Band death metal asal Bandung, DAJJAL, resmi kembali menggebrak skena musik ekstrem Indonesia melalui perilisan single terbaru bertajuk “Obtuse” yang dirilis pada 14 Juni 2026. Lagu ini menjadi penanda kebangkitan DAJJAL setelah lama vakum sekaligus menghadirkan amukan musikal yang sarat kritik terhadap fenomena sosial dan budaya yang dianggap memelihara kebodohan.
Mengusung karakter death metal agresif, “Obtuse” menyajikan atmosfer gelap, brutal, dan penuh kemarahan. Dari sisi lirik, lagu ini mengangkat tema sinisme terhadap dogma, manipulasi, dan ketidaktahuan yang terus dipuja dalam kehidupan modern.
Menurut DAJJAL, “Obtuse” bukan sekadar karya musik ekstrem, tetapi juga bentuk perlawanan terhadap realitas sosial yang dianggap semakin kehilangan nalar kritis.
“Ini bukan sekadar lagu, melainkan amukan terhadap sistem yang merayakan ketidaktahuan. Kami kembali untuk memastikan telinga kalian tidak akan pernah merasa tenang,” ungkap DAJJAL.
Produksi Single “Obtuse”
– Genre: Death Metal
– Tema Lirik: Sinisme dan kritik sosial
– Produser: Dendy Benduh / Demigod13 Studio
– Distribusi Digital: Coexist Music
Single “Obtuse” sudah dapat dinikmati di berbagai platform musik digital seperti Spotify, Apple Music, Deezer, hingga Bandcamp mulai 14 Juni 2026. Bersamaan dengan perilisan audionya, DAJJAL juga menghadirkan video musik bernuansa hitam-putih (BW) yang tayang melalui kanal YouTube resmi mereka.

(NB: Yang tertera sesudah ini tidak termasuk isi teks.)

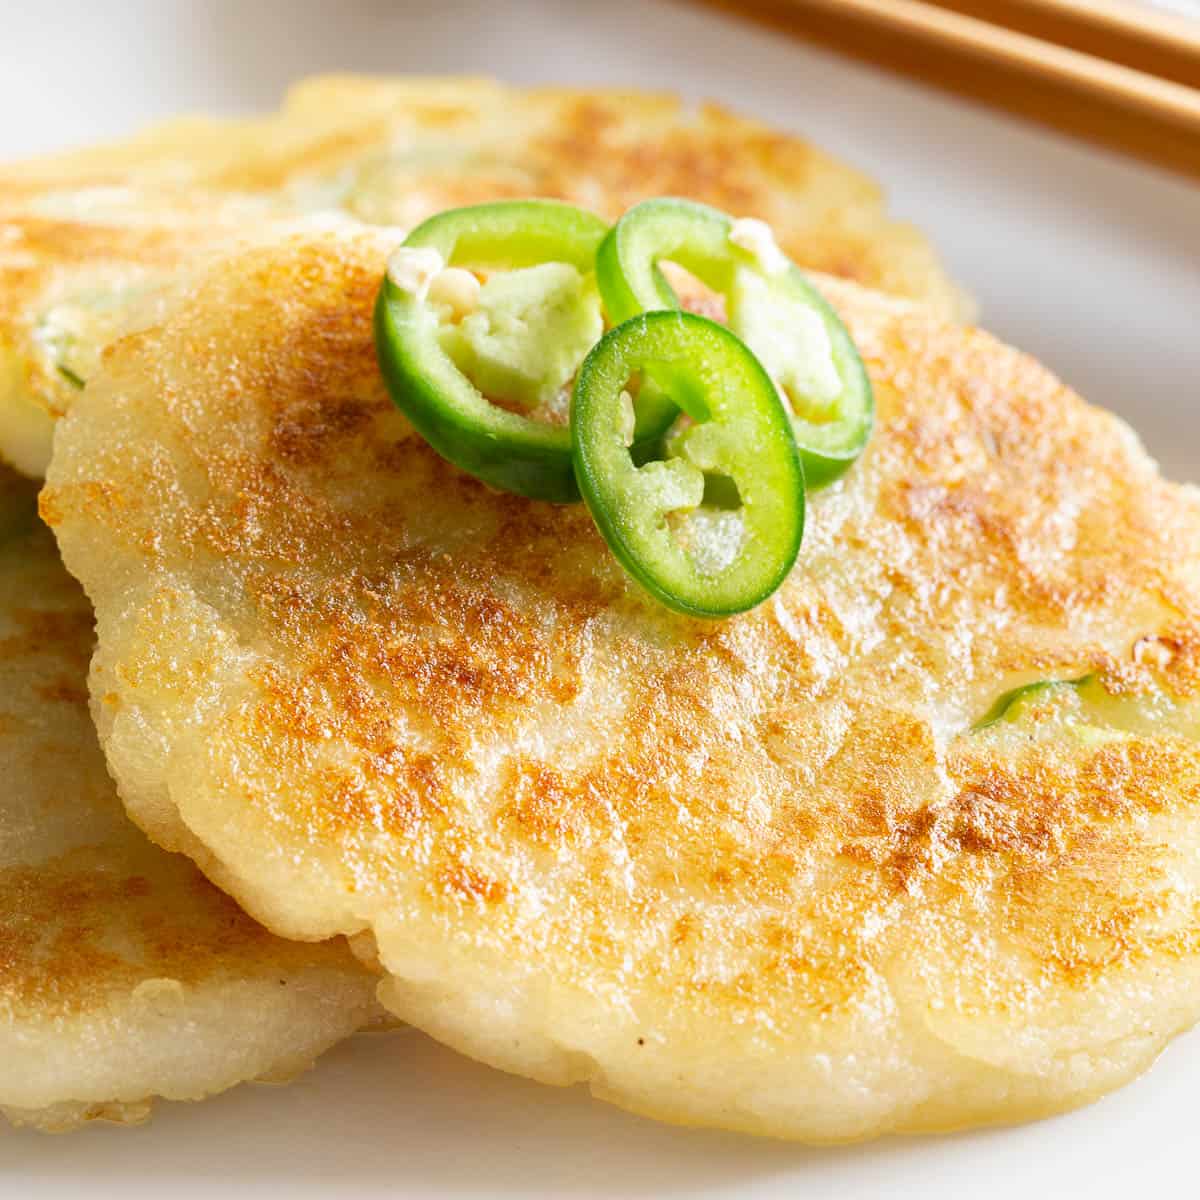 Crispy Korean potato pancakes topped with slivers of green chilli.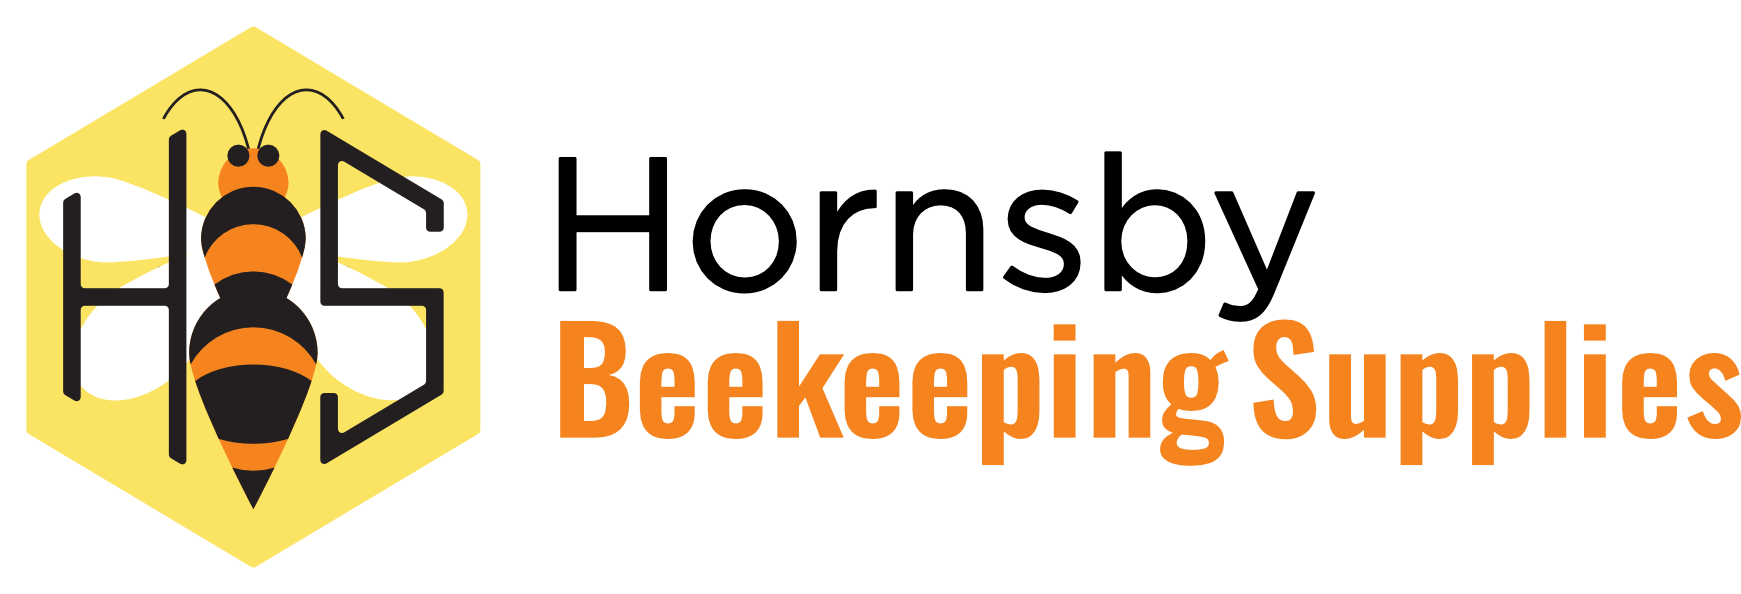 Hornsby Beekeeping Supplies

DAJJAL Kembali Membawa Identitas Death Metal Tanpa Kompromi
DAJJAL dikenal sebagai unit death metal yang lahir dari semangat perlawanan dan konsisten menghadirkan musik ekstrem tanpa kompromi. Terinspirasi oleh berbagai band legendaris dunia, DAJJAL tetap mempertahankan identitas lokal dengan nuansa gelap yang merepresentasikan sisi paling kelam dari sifat manusia.
Melalui “Obtuse”, DAJJAL menegaskan eksistensinya di skena musik metal Indonesia sekaligus menawarkan karya yang keras, brutal, dan penuh pesan kritis bagi para penikmat musik ekstrem.